A child’s age also determines how they express their grief. Older children may express themselves in a similar way to adults and show signs of sadness, whereas younger children may complain of headaches.
It is important as an adult to understand a child’s ability to understand the concept of death.
- From birth to two years, research has shown that infants of this age have no understanding of death. However, they are aware of separation and will grieve the absence of a parent or caregiver.
- Children from 3-6 years are curious about death and believe it is temporary or reversible. A child of this age may worry about who will take care of them and are very affected by the sadness of surviving family members.
- Once children are between the ages of six and 12, it has been evidenced that they understand that death is final, and that it happens to everyone.
- From the age of 13 upwards, teenagers and young adults do have an adult understanding of the concept of death and its finality. However, they do not possess the coping skills or behaviour of an adult.

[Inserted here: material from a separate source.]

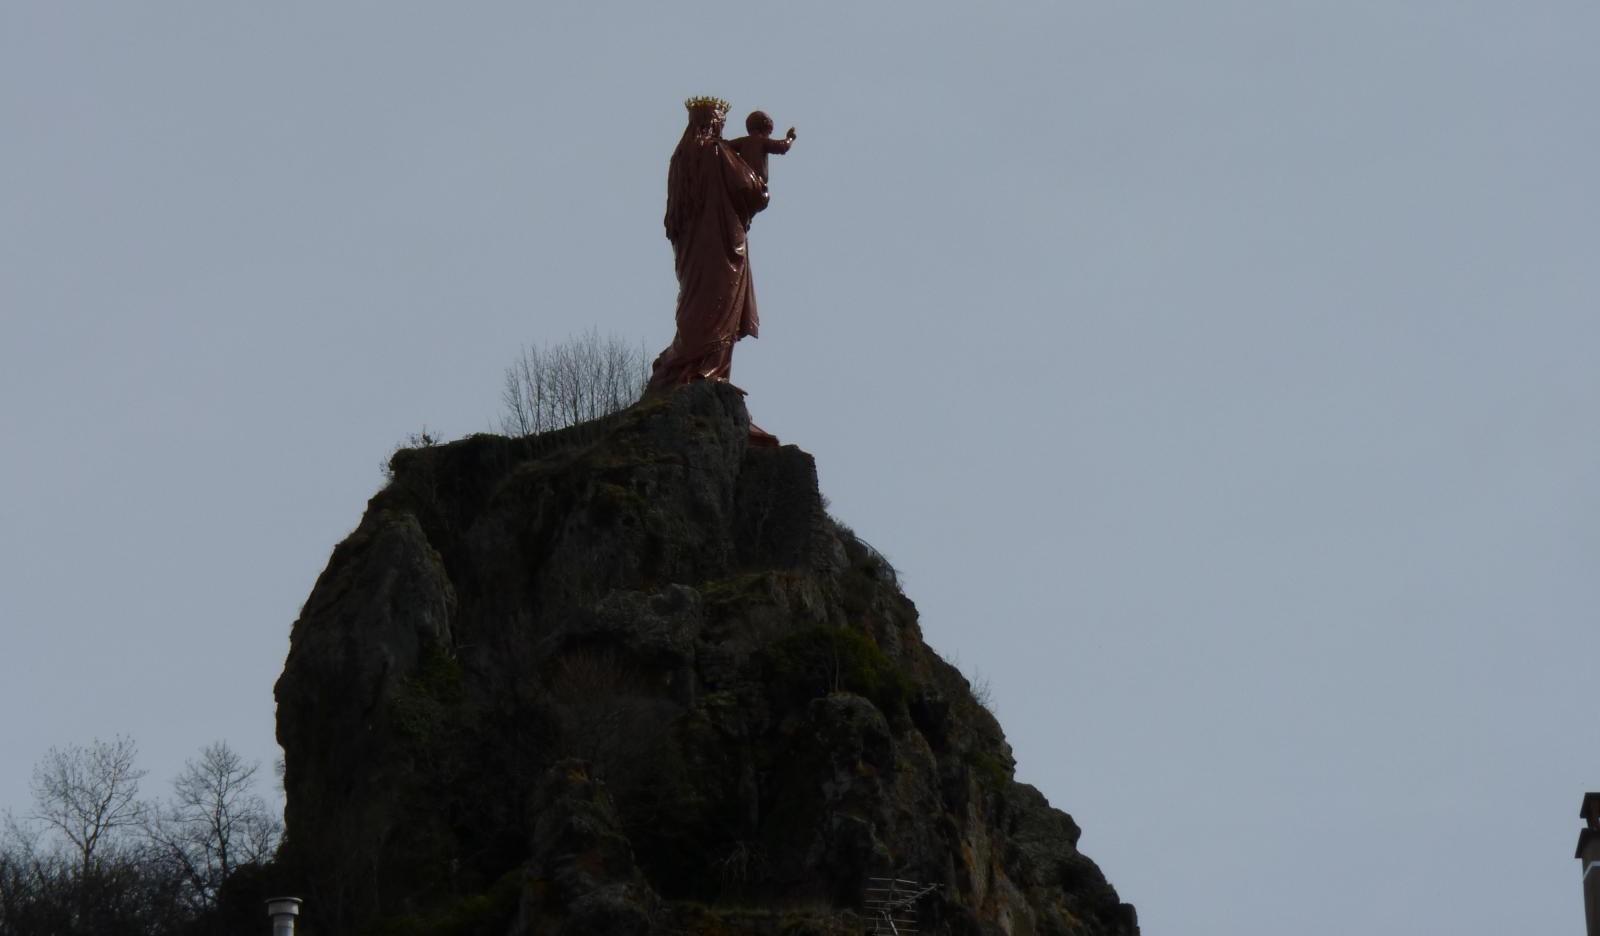 Nuestra Señora de Puy en Velay, Aparición que dejó Poderes Sanadores, Francia (17 sep)

As with everything in life, we need to take care to explain death, and talk about it with children on an age-appropriate level. Remember that children and young adults do not have the same thought-processing ability as adults, therefore, short and simple conversations repeated are of high value.
Use the correct language such as ‘died’, encourage them to talk about how that makes them feel and ask if they have any questions. Help your child to understand that death is a process of life, and that grief is painful and makes one sad, but that all of this is normal and to be expected. Reinforce that it is OK to cry and that adults also grieve and cry.
Dealing with the emotional effect of loss and grief is about making your child feel both safe and secure. As parents, that is always our constant and ongoing role and responsibility to our children. Of course, there is always support available. Let your child’s school know if your family has suffered a loss. Grief councillors and psychologists are readily available if you feel that your child would benefit from visiting one.
There is no right or wrong way for a child, young adult or adult to grieve. What is important is finding and putting into place the right support.